TASK TO COMPLETE
Starting with the line that has "Rental Property at" in the records below and ending with the line that has "- $25,000 MO.", output those lines exactly and nothing more; omit the pictures.

RECORDS SHOWN

══════════════════════════════

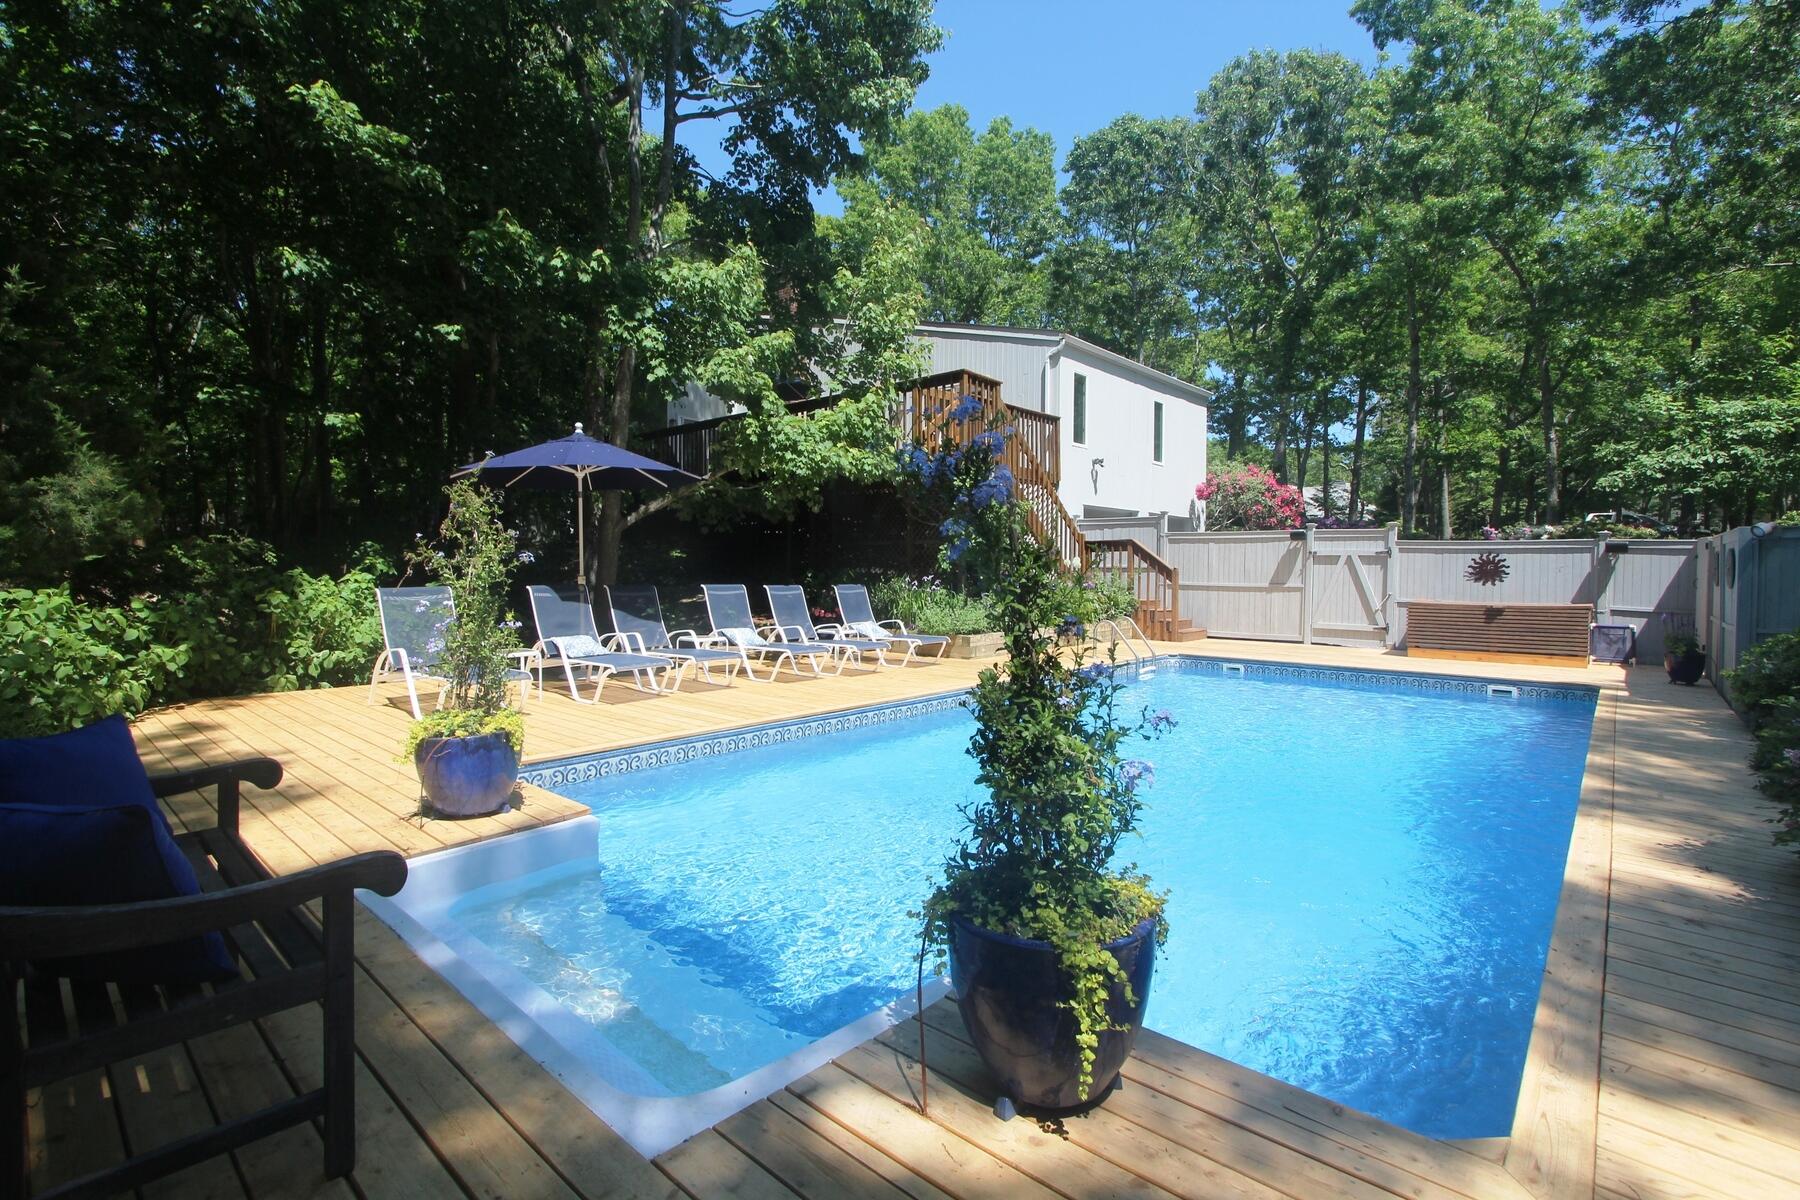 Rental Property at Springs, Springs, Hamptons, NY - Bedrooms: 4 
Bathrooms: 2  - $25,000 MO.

══════════════════════════════

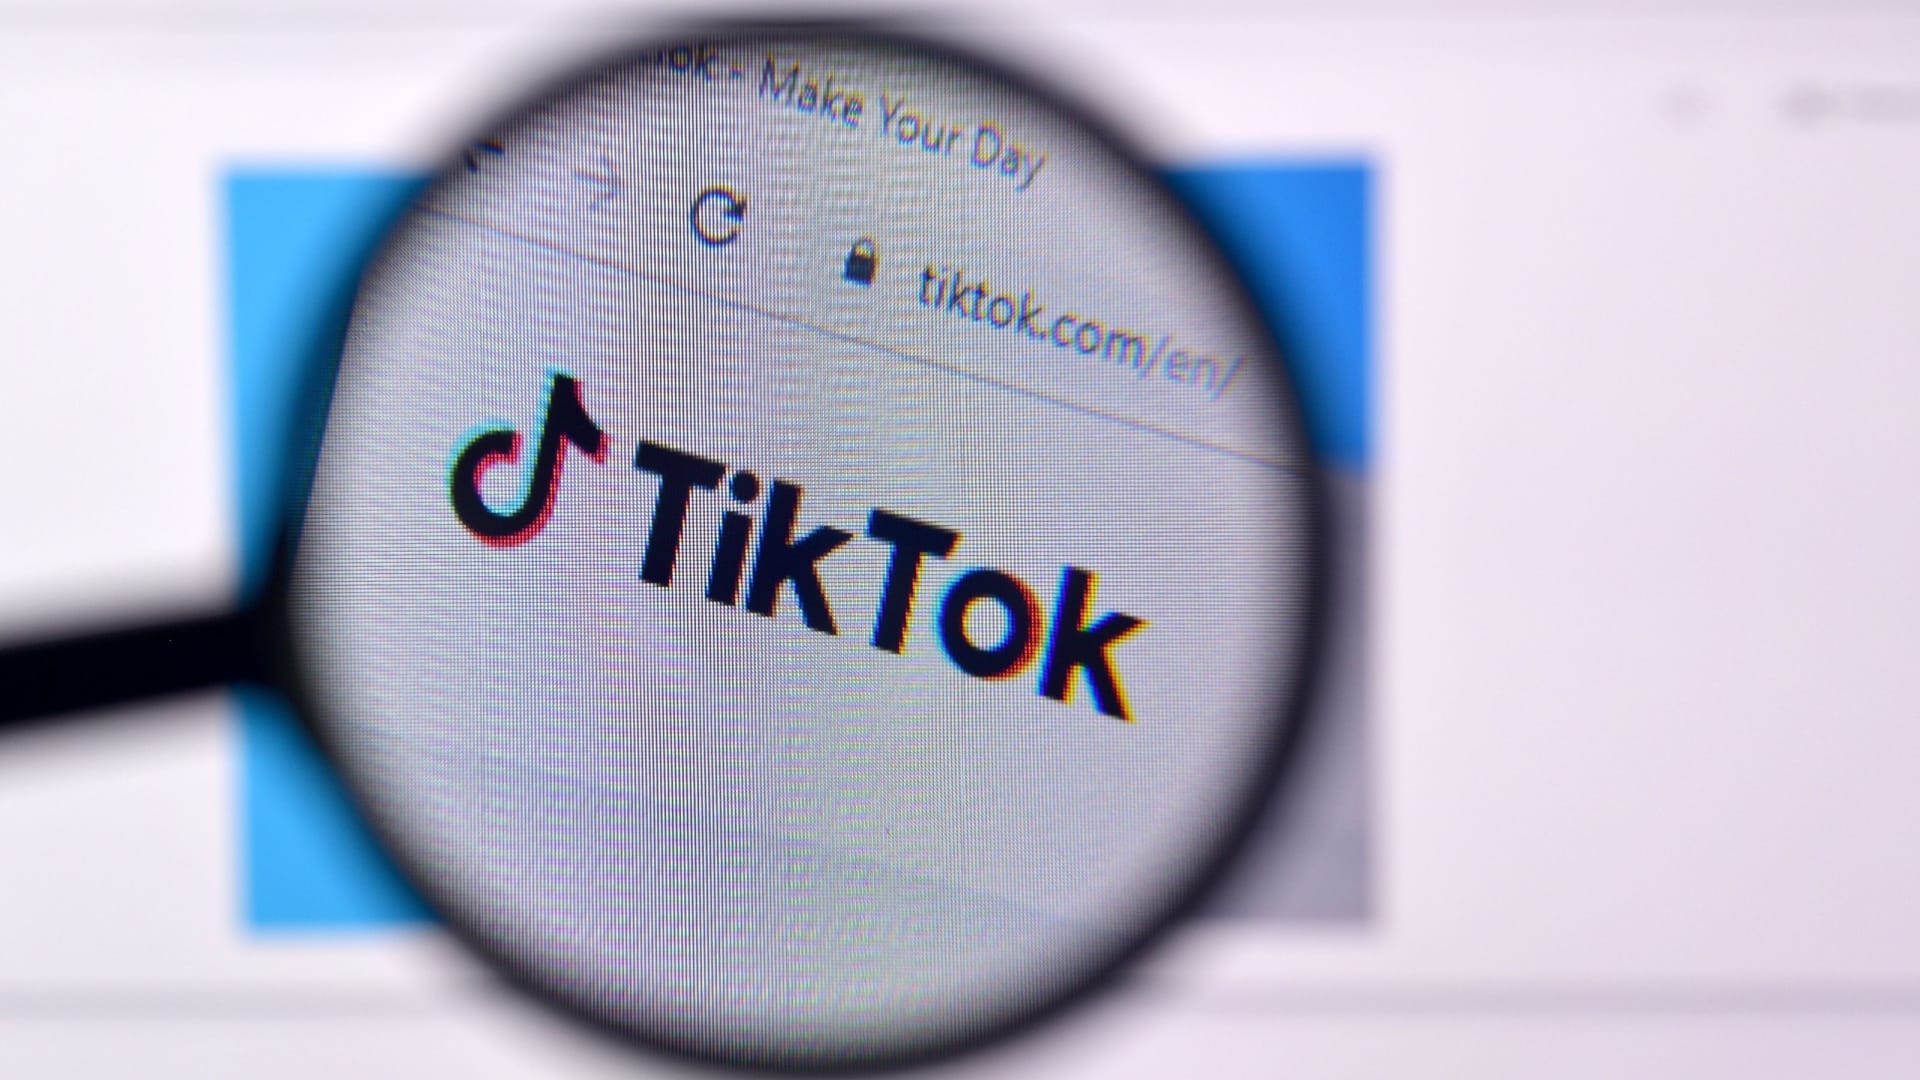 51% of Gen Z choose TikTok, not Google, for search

══════════════════════════════

SOLUTION TO THIS EXERCISE
 Rental Property at Springs, Springs, Hamptons, NY - Bedrooms: 4 
Bathrooms: 2  - $25,000 MO.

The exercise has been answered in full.